Я понял, что он скажет, за секунду до того, как он произнес эти слова. Моей тайне суждено было открыться, глубоко унижавший меня недуг должен был стать достоянием публики, и скоро в Нью-Йорке не останется ни одного человека, который не знал бы, что я, Пол Корнелиус Ван Зэйл... «Эпилептик!» — орал Джейсон Да Коста.

Я онемел. Спасения не было. Я попытался пошевелиться, но был парализован. И едва дышал.

«Это чучело, этот псих, он болен. Он мстит мне, так как считает, что я убил его дочь. Ему больше не придется расхаживать по улицам... его место в психиатрической больнице, вместе с другими сумасшедшими».

Он еще раз повторил это слово. Я почувствовал слабость и молился про себя, чтобы хоть кто-то его остановил, но все молчали, а когда я нашел в себе силы оглядеться, я увидел лишь бледные лица своих партнеров, словно окаменевшие от неожиданности, и глаза, в которых отражалось фатальное отвращение.

«Заткните ваш грязный рот!» Нет, это был не мой голос.

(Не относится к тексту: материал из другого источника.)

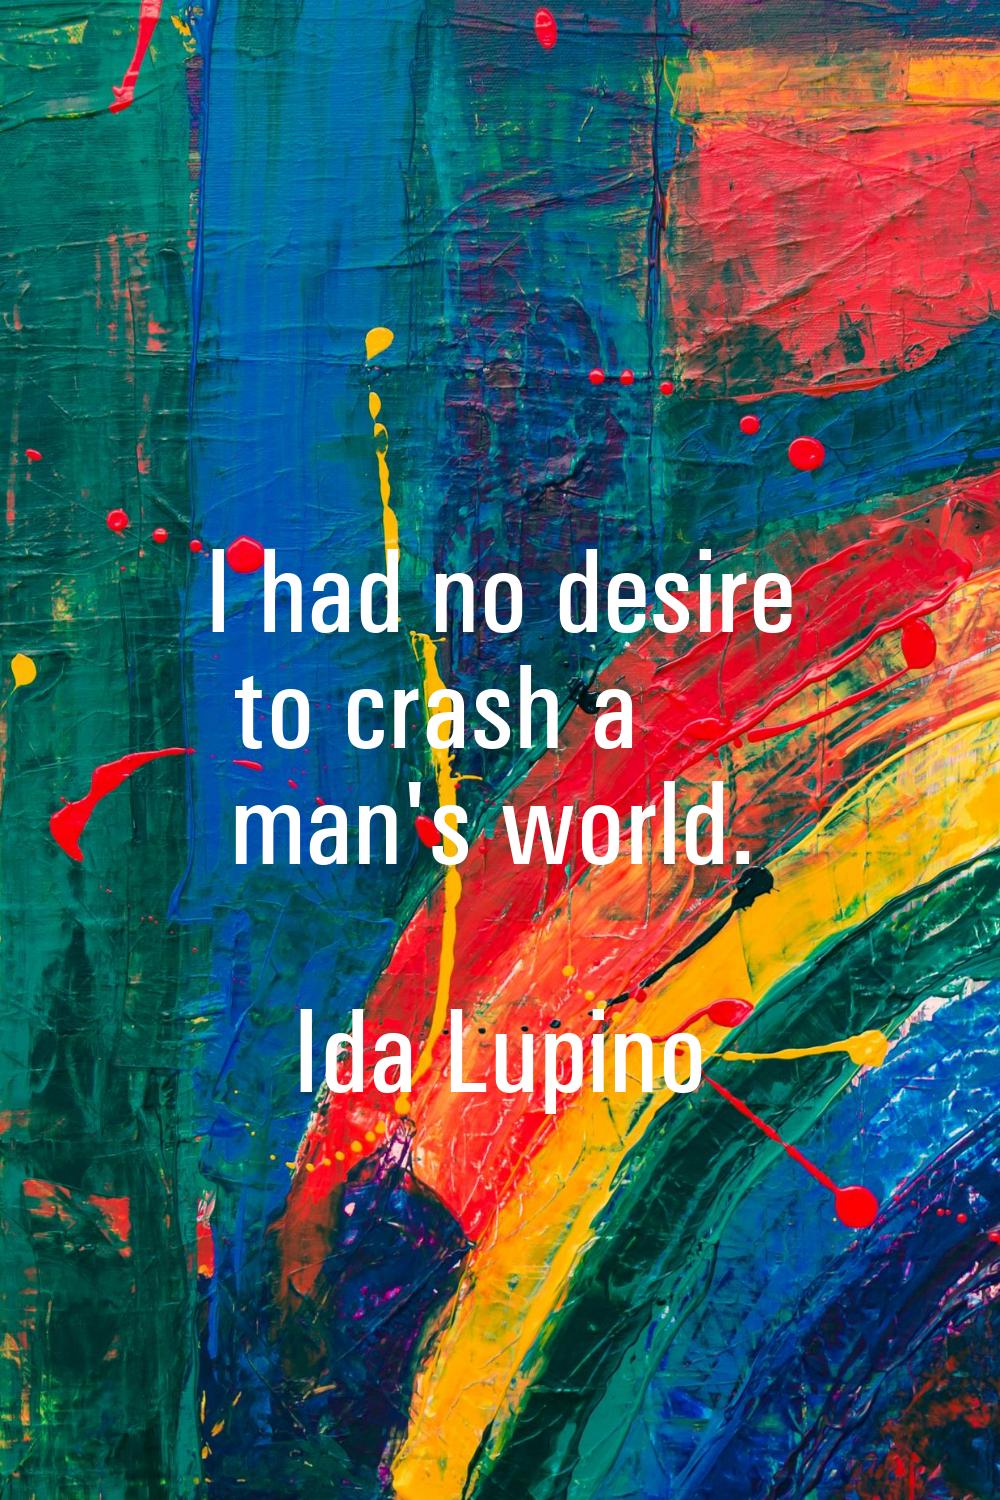 I had no desire to crash a man's world.

Это был Стивен Салливэн, самый верный из моих протеже, самый юный из всех моих друзей. Я все еще не обрел дара речи и сидел не шелохнувшись под тяжестью тупого груза стыда, но Стив набросился на Джея как боксер из своего угла ринга, и не только Чарли и Льюису, но и Клэю с Хэлом пришлось применить силу, чтобы оторвать его от Джейсона.

«Вон отсюда! — проревел Стив Джею. — Вы разорились, но будь я проклят, если вам удастся увлечь нас всех за собой!» — «Стив прав», — внезапно проговорил Чарли, а Льюис подхватил: «В интересах фирмы...»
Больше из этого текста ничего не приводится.